Initial setup — prepare folders and find the orders file

Create required folders, locate the orders CSV (any filename containing orders), and load an ingest log if present.

# python
import os
import pandas as pd
import shutil
from datetime import datetime

# Define folders and paths
data_folder = "data"
archive_folder = os.path.join(data_folder, "archive")
insights_folder = "insights"
logs_folder = "logs"
log_path = os.path.join(logs_folder, "ingest_log.csv")

# Create folders if they don't exist
for folder in [data_folder, archive_folder, insights_folder, logs_folder]:
    os.makedirs(folder, exist_ok=True)

print("✓ Folder structure and paths set up.")
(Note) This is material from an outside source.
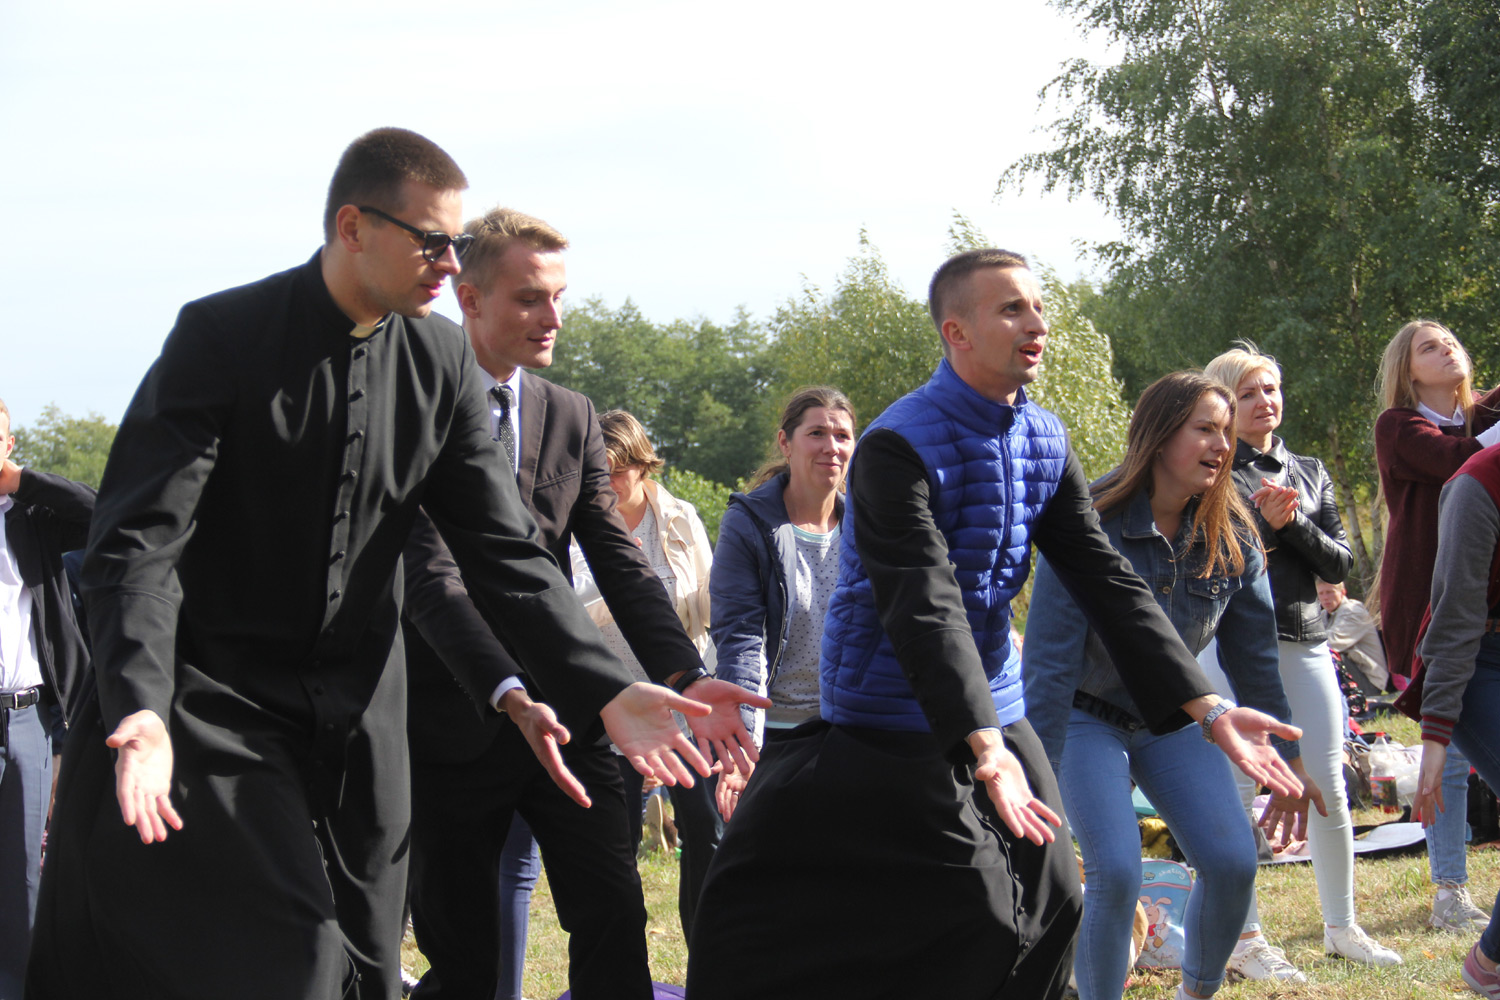 BIELORRÚSSIA: Ajuda para a formação de 25 seminaristas em Grodno

# Find the orders file in data_folder (any filename containing 'orders')
files = os.listdir(data_folder)
file_name = next((f for f in files if "orders" in f and f.lower().endswith(".csv")), None)

if not file_name:
    raise FileNotFoundError("No orders file found in the data folder.")
else:
    file_path = os.path.join(data_folder, file_name)
    file_id = os.path.splitext(file_name)[0]
    print(f"✅ Found file: {file_name}")

# Load existing ingest log if it exists
if os.path.exists(log_path):
    log = pd.read_csv(log_path)
else:
    log = pd.DataFrame()

Pipeline policy: drop-and-log

For this lesson the pipeline policy is to drop rows that fail validation and log them. Dropping is acceptable when only a small fraction of rows are bad and when you retain the dropped rows for later review or repair.

Dropping rows can bias downstream analytics if many rows are removed. Always log discarded rows and their reasons so the data owner can correct the source or you can implement targeted fixes later.

Load the datasets and save a raw copy

# python
# Load data from the located file and lookup tables
orders_path = file_path  # the file we found above
products_path = os.path.join("data", "products.csv")
customers_path = os.path.join("data", "customers.csv")

orders = pd.read_csv(orders_path)
products = pd.read_csv(products_path)
customers = pd.read_csv(customers_path)

# Keep a raw copy for logging or later re-ingestion
orders_raw = orders.copy()

Row-level checks — what to validate

Below is a concise summary of common checks and the typical remediation action.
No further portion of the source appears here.